На избирательном участке скучали за длинными столами члены комиссии, и когда появились старики, вышло им развлечение; они обрадовались несчастным и подмигивали друг другу, подхихикивали. Кузькин не мог сообразить: за кого голосовать, куда подойти, как встать, куда бросать бюллютень, а его Варя вообще была женщина темная. И он, и она все сделали, как им сказали, и рады были, довольны собой, что все правильно сделали, как положено, и, вышедши с участка на улицу, побрели по берегу замерзшей реки в гости к Дусе.

Вслед выехали три милиционера на белых лошадях, за ними увязалась крохотная такая же белая собачка — тявкала на лошадей и на милиционеров; те смотрели вдаль, на линию горизонта — все так голо и пустынно, и если бы не комнатная белая собачка на берегу замерзшей реки, совсем было бы страшно.

Пока Дуся расставляла на столе посуду, смотрели в окно, где посыпался снег, и это было хорошо, прекрасно, и можно было так всю оставшуюся жизнь просмотреть, да только старик на избирательном участке, переволновавшись, вспотел, у реки его продуло, и он поспешил разлить вино. Оно оказалось такое горькое, что даже старик скривился. Дуся где-то вычитала, что вино подливают в чай, и они решили попробовать.

Пока закипал на плите чайник, смотрели, как падает за окном снег. Наконец вода закипела, заварили чай, разлили по кружкам, капнув в них этого отвратительного вина, и напиток получился изысканный.

Как отправились обратно — ветер переменился, опять дул в лицо; вместо снега начался дождь — прежде снег был теплый, а дождь брызгал — холодный, ледяной. Старик еле волочил ноги, почувствовав, что заболевает, и горячий чай с вином не помог.

Дома старик поскорее улегся в постель и позвал жену. Варя потушила свет, разделась и легла рядом с ним, когда они уже не спали вместе. Кузькин обнял ее и поцеловал, и старуха, счастливая, быстро уснула, а он не мог уснуть, ощущая, как сердце прыгает в груди.

2

Когда дети узнали, что старик заболел, они решили, пока не поздно, еще раз сходить к дедушке, потому что если он умрет, никогда они уже не получат свою шоколадку. Конечно, им было очень страшно идти сейчас к нему, да откладывать нельзя, они даже решили прогулять в школе уроки и, когда вышли из своей деревни, услышали на мосту, как в церкви на другом берегу зазвонили в колокольчик, очень бодро, и весело, и настойчиво. Хотя небо висело пасмурное, неподвижное, свежая белизна снега ослепляла, и пелена на небе истончалась, готова была прорваться, и на нем собиралось просиять солнце.

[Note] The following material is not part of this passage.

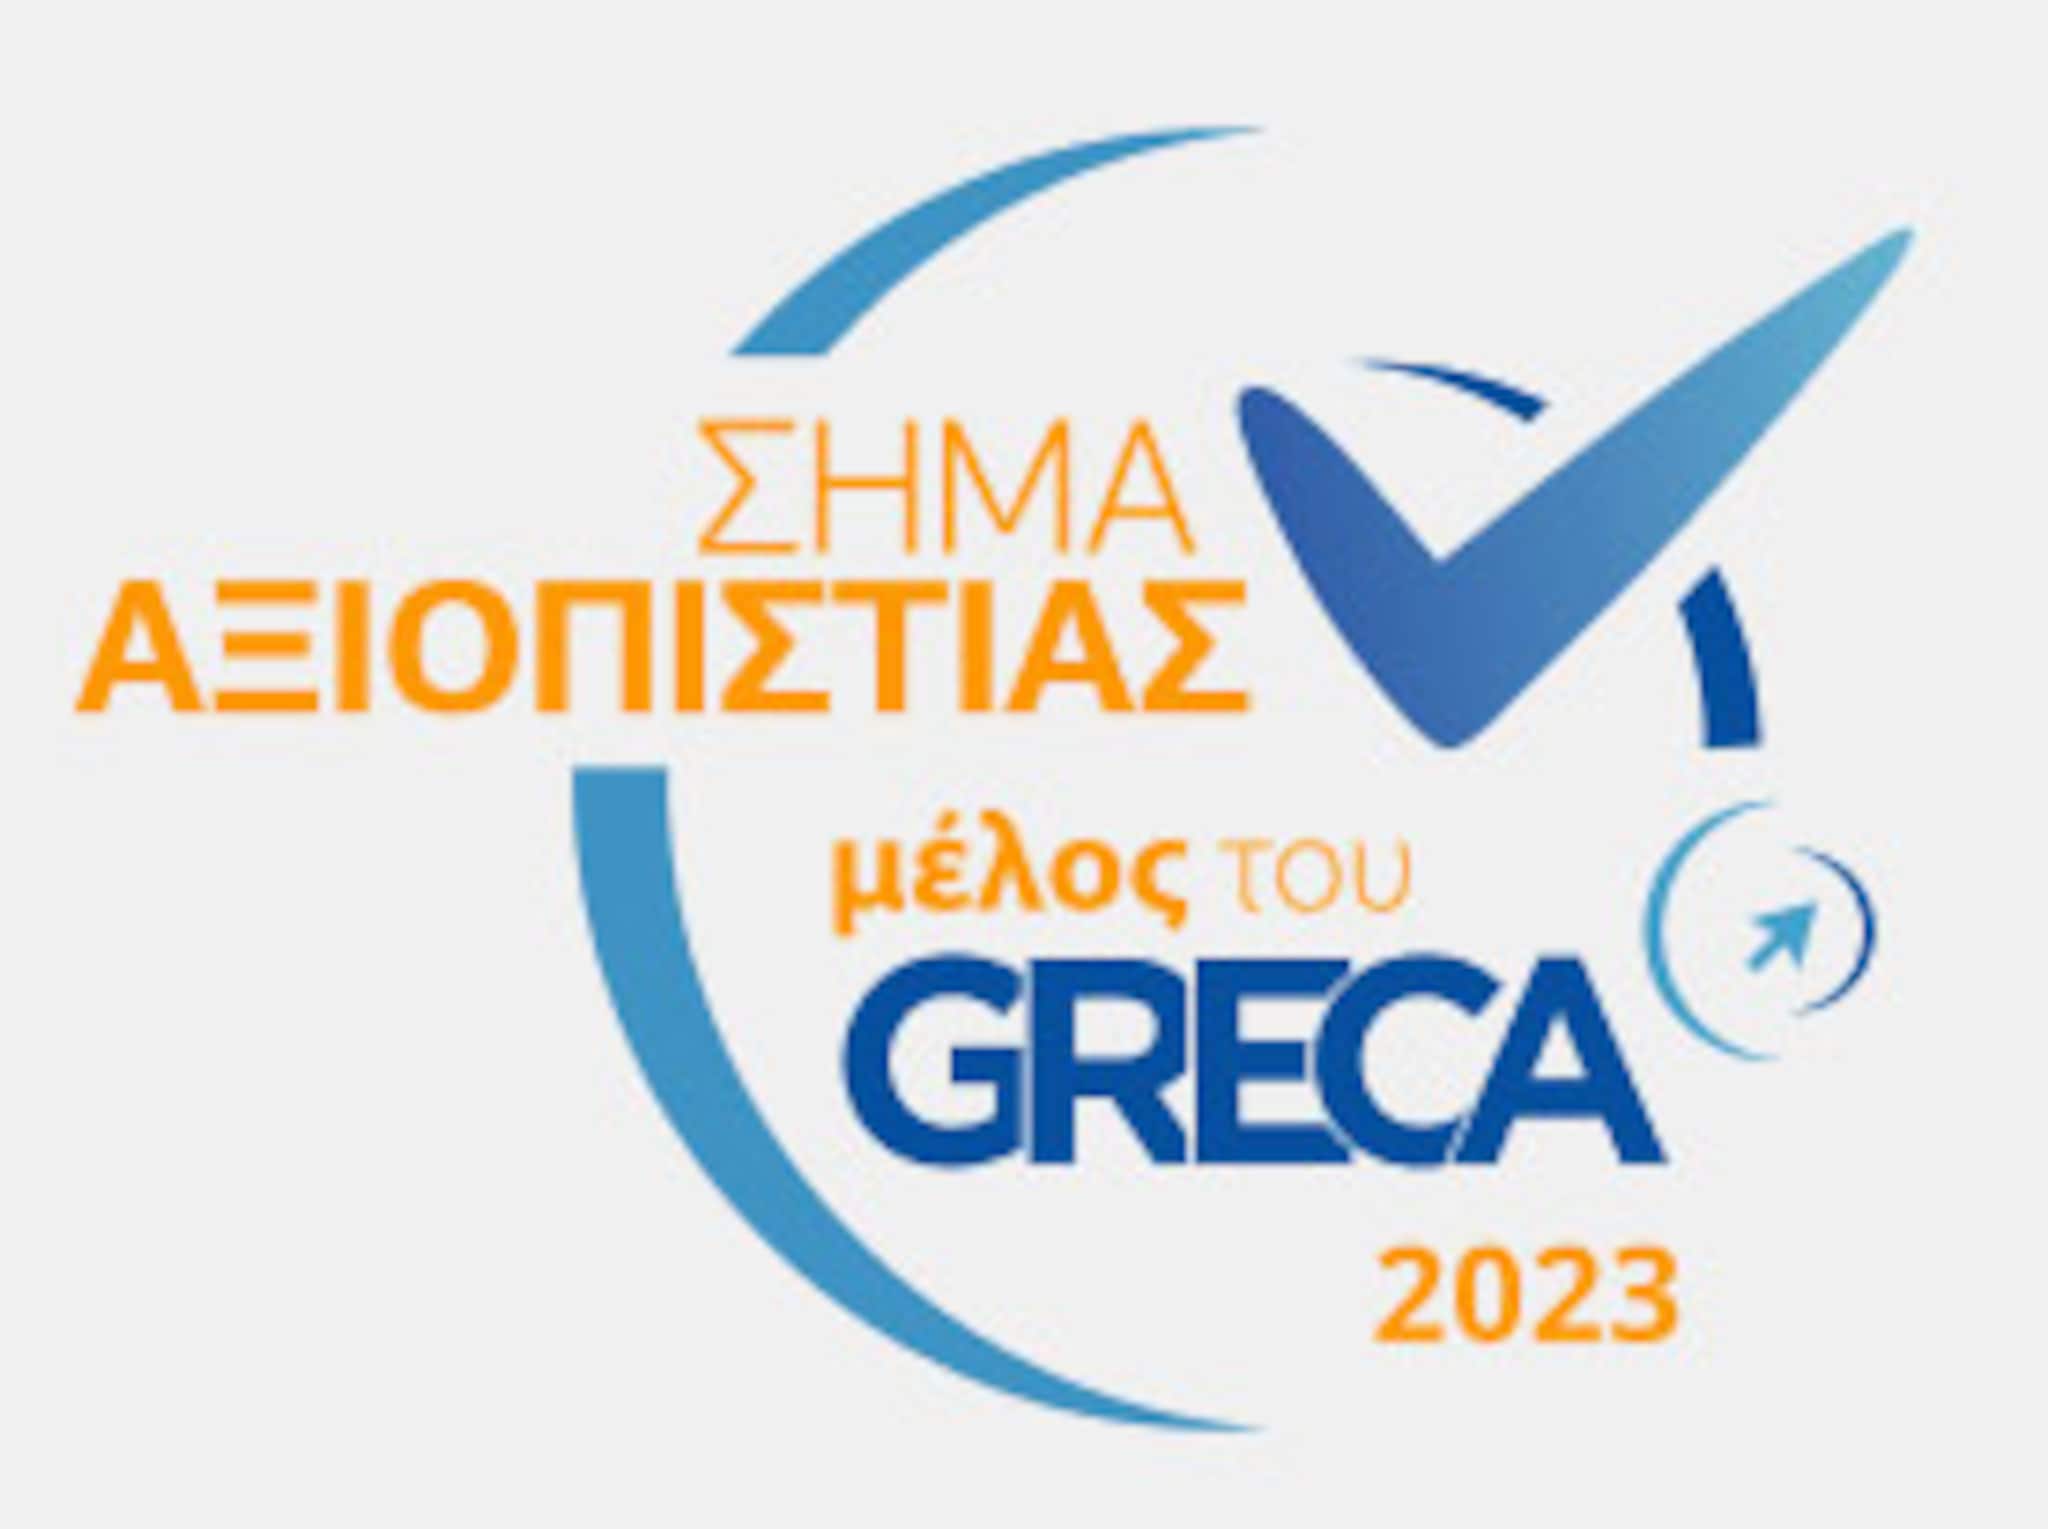 GRECA award

Перед тем как зайти к дедушке на другом берегу, решили сходить в церковку помолиться, чтобы старик вернул шоколадку. Там из распахнувшихся “царских врат” шагнул священник, благословляя, и — шепотом, едва слышно запел. Широкое, бородатое лицо его ярко горело, и на иконах в этой церковке святые раскраснелись — такие же круглолицые. Вдруг слышно стало, как потрескивают свечи, и батюшка продолжал шепотом молиться. И над иконами, над батюшкой, над его слабым простуженным голосом летала в благоухающем дыму от кадила, ожила зимой перед алтарем бабочка, трепыхалась в волнующемся воздухе. Между словами у батюшки стало тесно, и, не понимая, о чем он поет, дети растерялись. Народу в церковку набилось много, и когда дети выбрались на свежий воздух, ослеплены были выпавшим, пока они молились, снежком, который освежил, обновил все вокруг, и у Настечки закружилась голова. Костя поддерживал сестру, чтобы не упала в обморок, и от нее к нему промелькнула отчетливая мысль, что дедушка заболел, как только получил паспорт, и если бы не получил его, остался бы здоров, и зачем они попросили тетю Дусю.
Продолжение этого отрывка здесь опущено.